*ENTRIES SHOWN*.
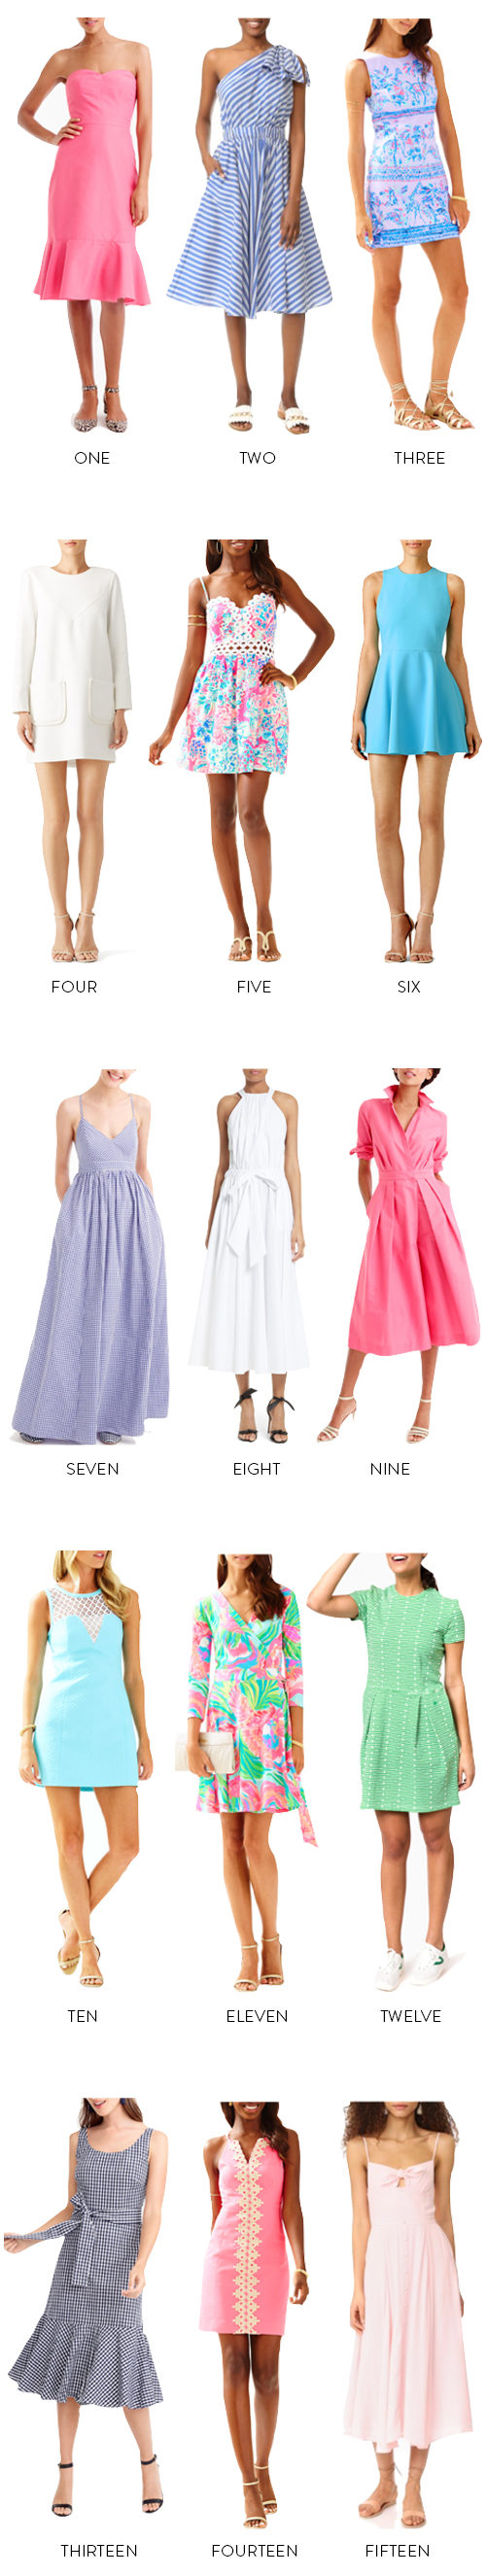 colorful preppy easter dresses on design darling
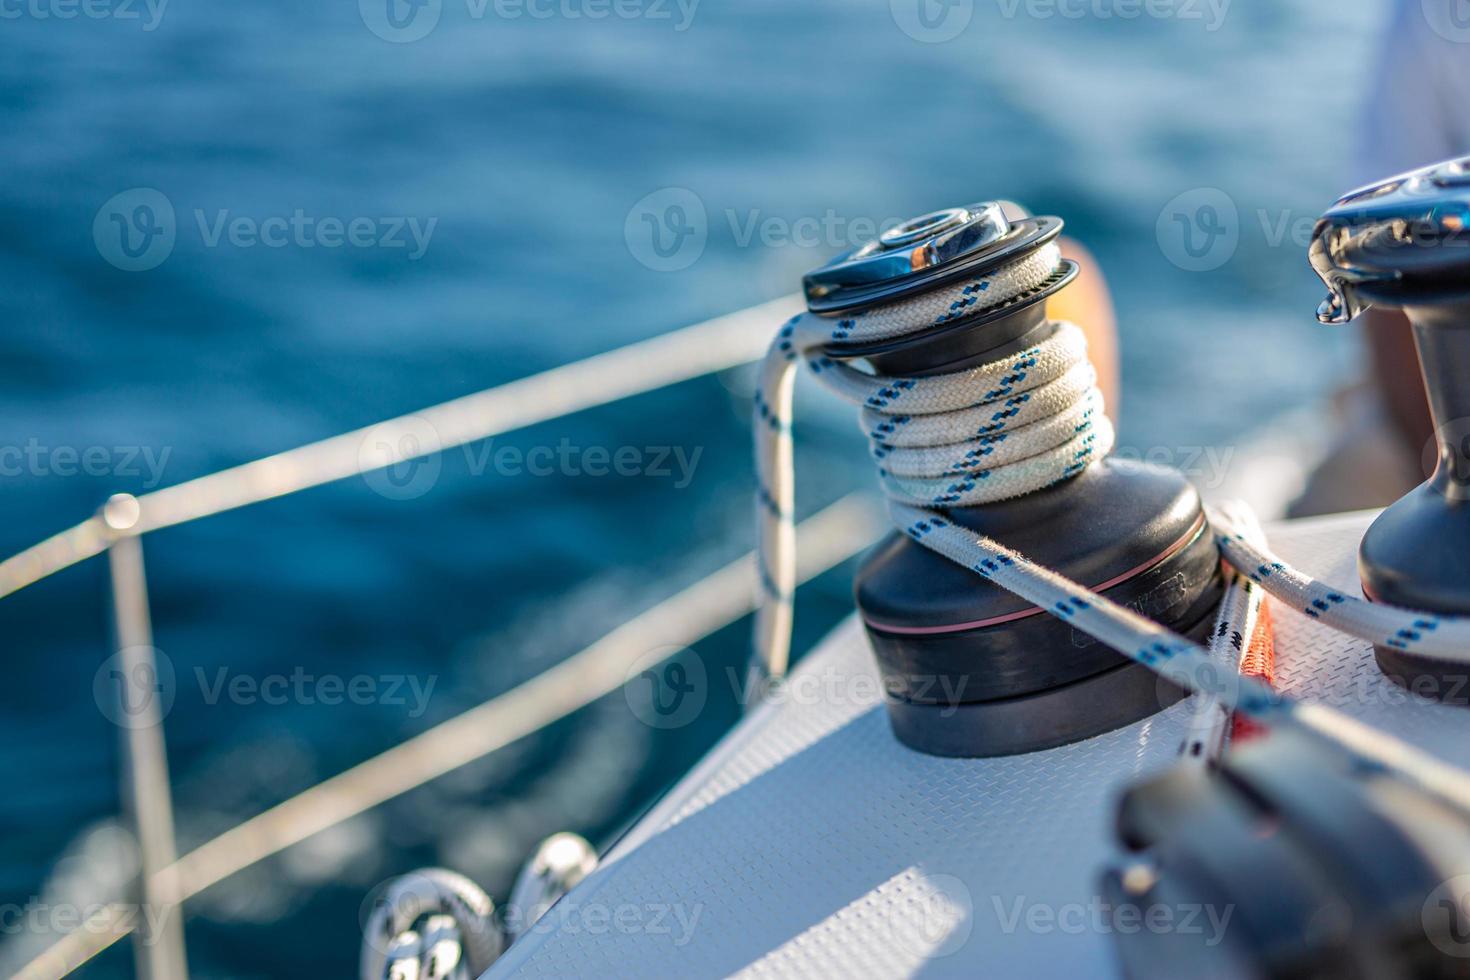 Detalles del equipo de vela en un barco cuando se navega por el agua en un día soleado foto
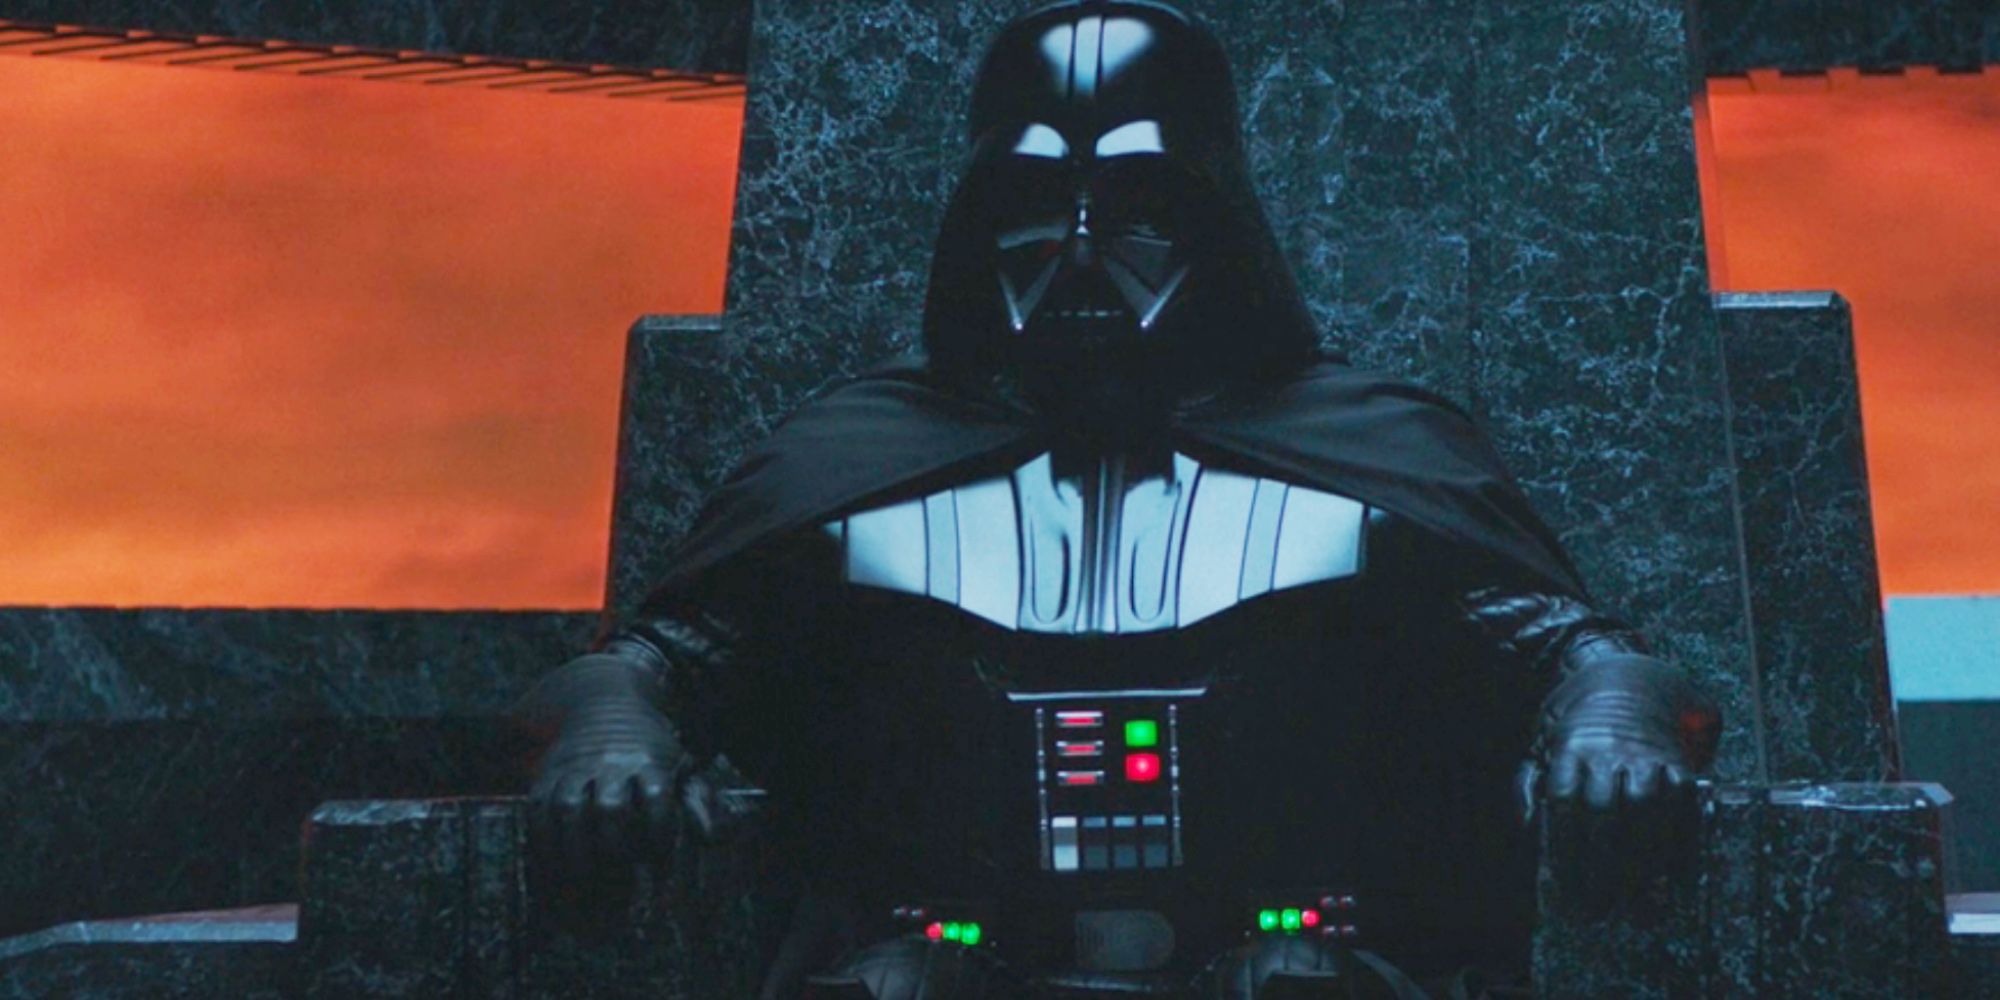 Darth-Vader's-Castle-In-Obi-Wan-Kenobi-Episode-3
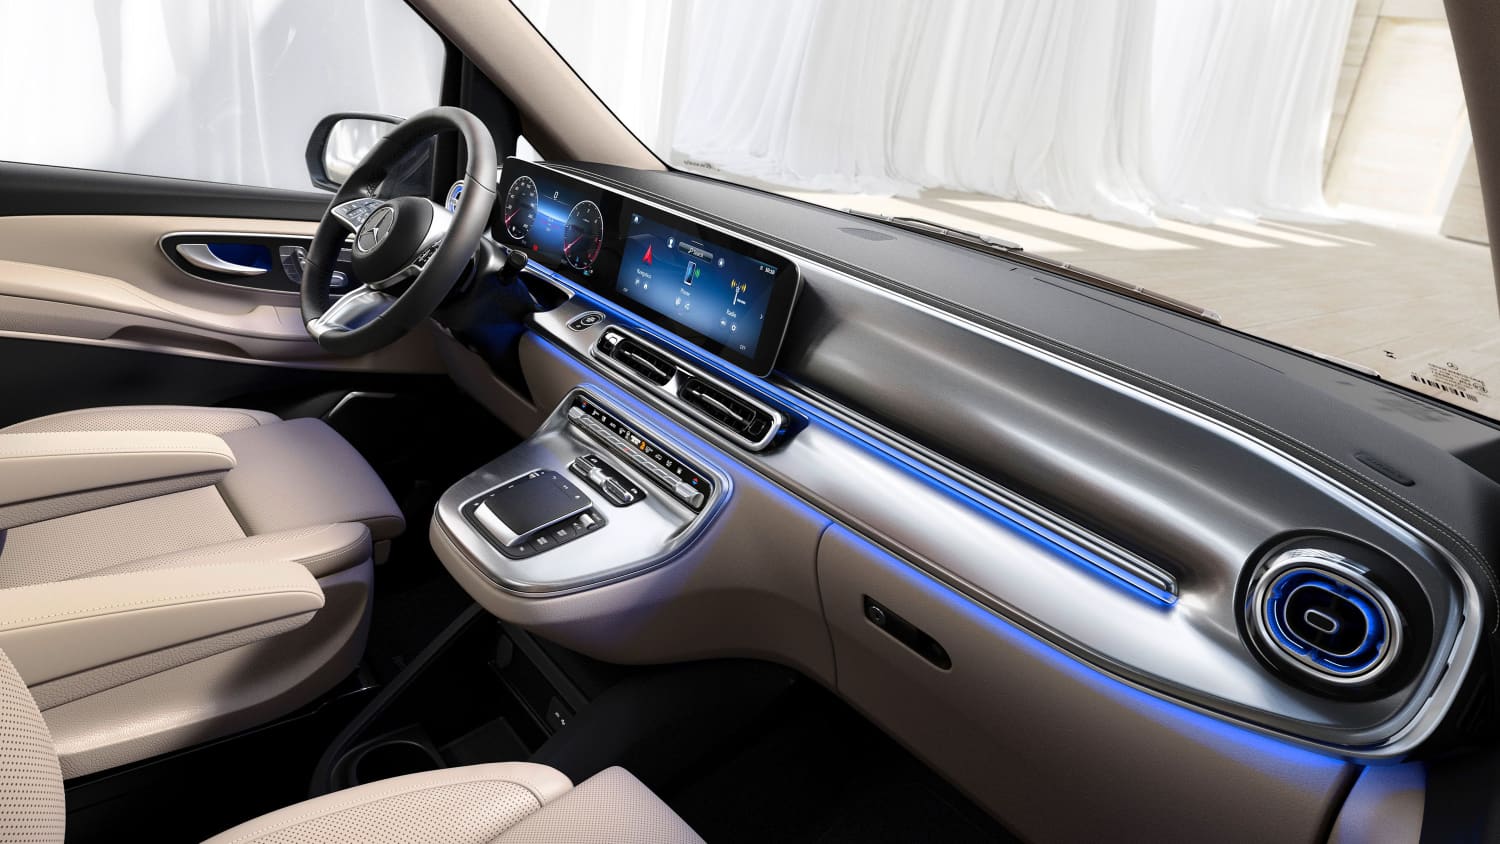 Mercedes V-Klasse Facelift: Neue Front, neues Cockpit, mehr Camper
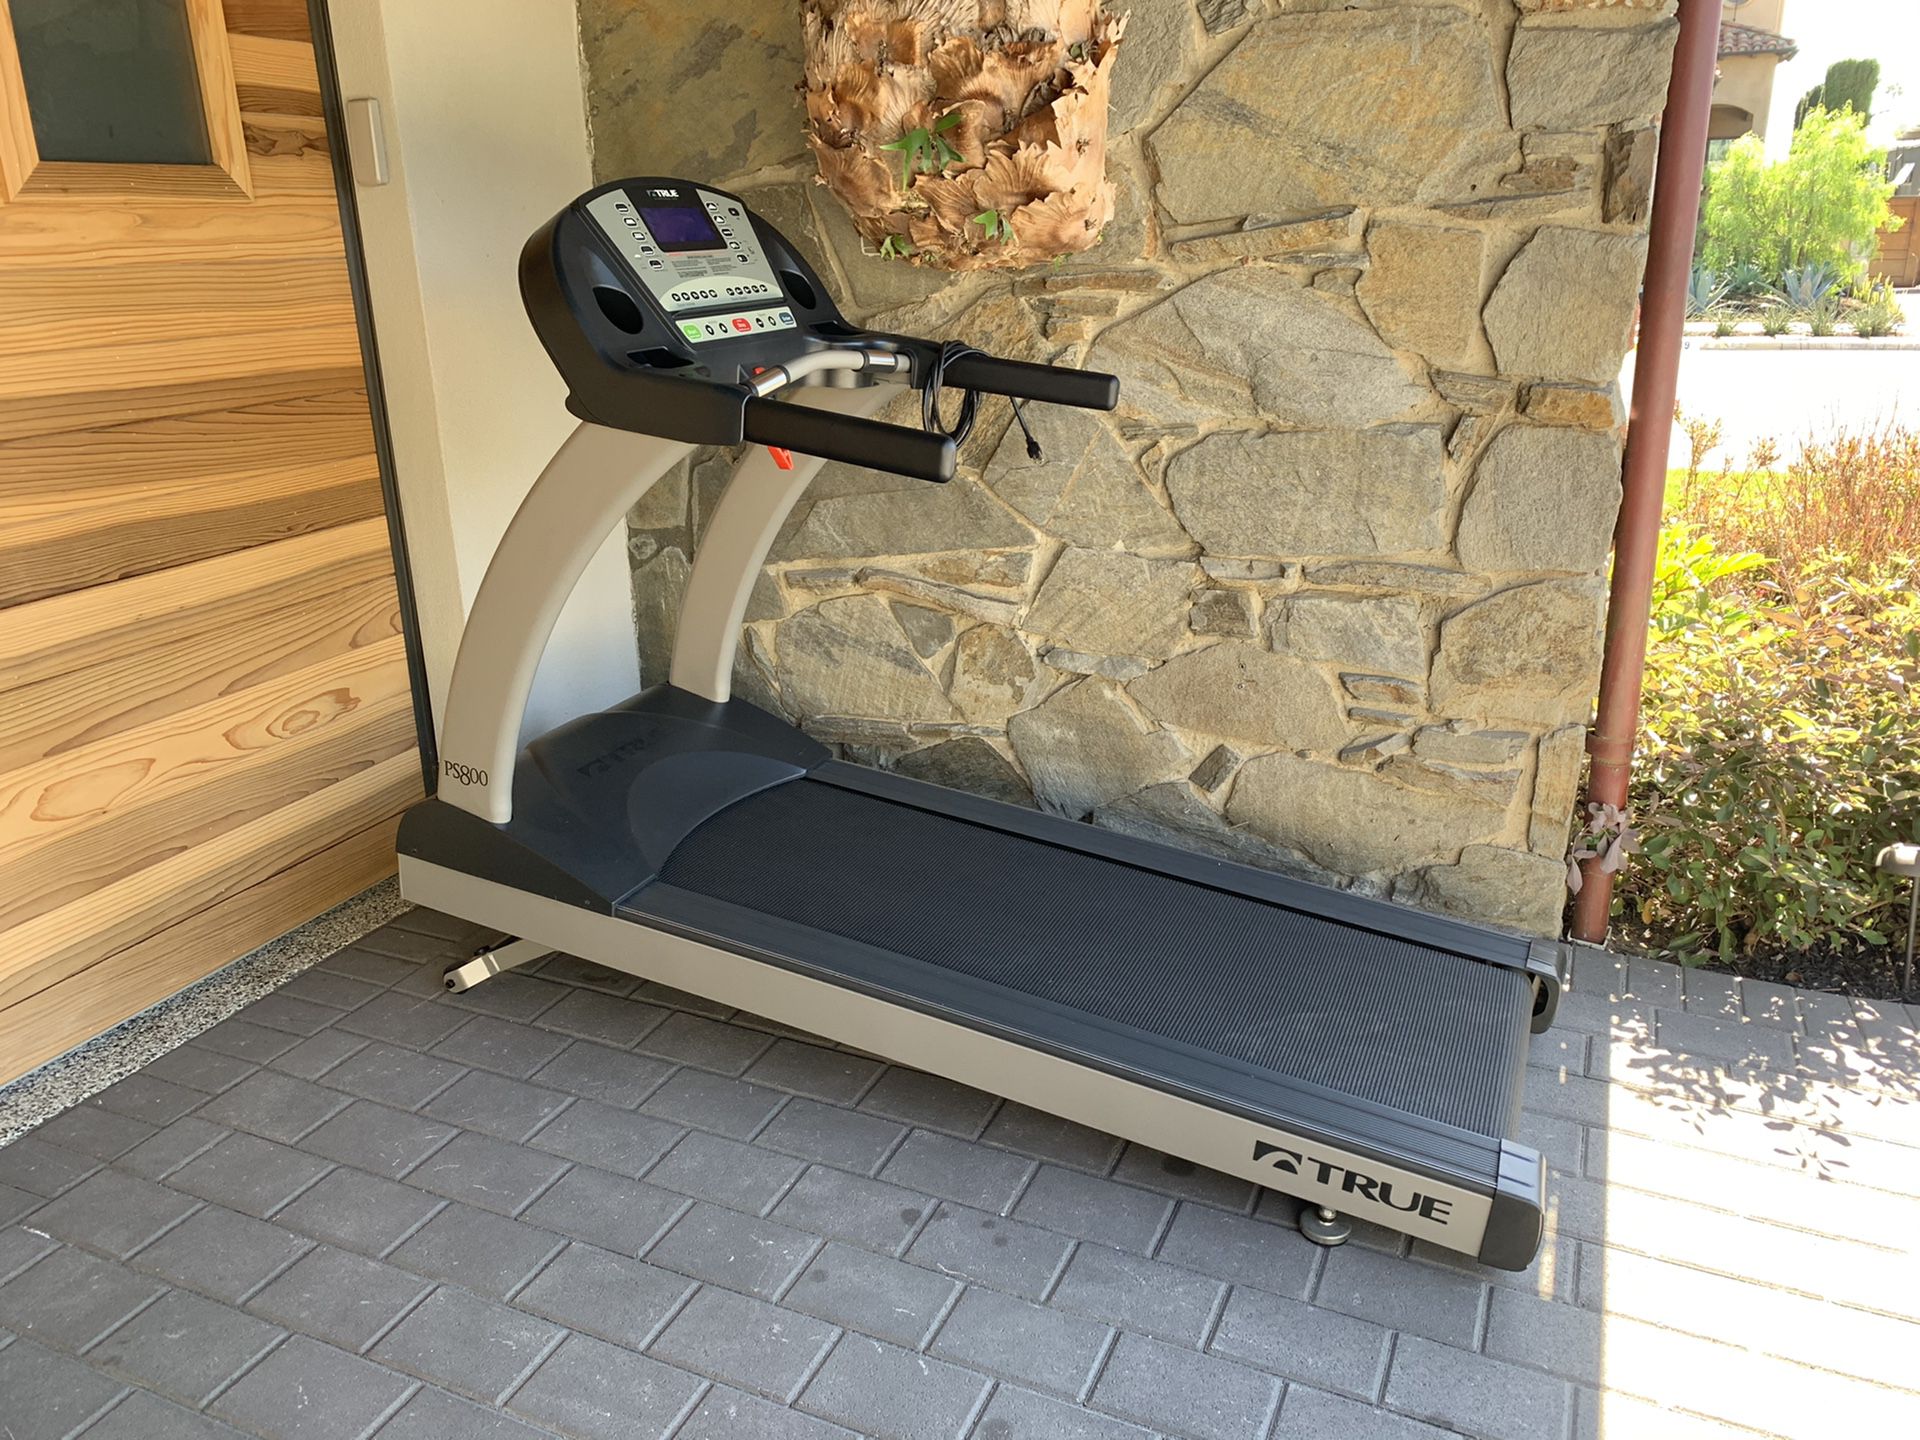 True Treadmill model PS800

*WHAT TO PRODUCE*.
Extract, character for character, every line from the one that holds "Mercedes V-Klasse Facelift: Neue" through the end of the entries above. Include both boundary lines and no pictures.

*ANSWER SPACE*.
 Mercedes V-Klasse Facelift: Neue Front, neues Cockpit, mehr Camper
 True Treadmill model PS800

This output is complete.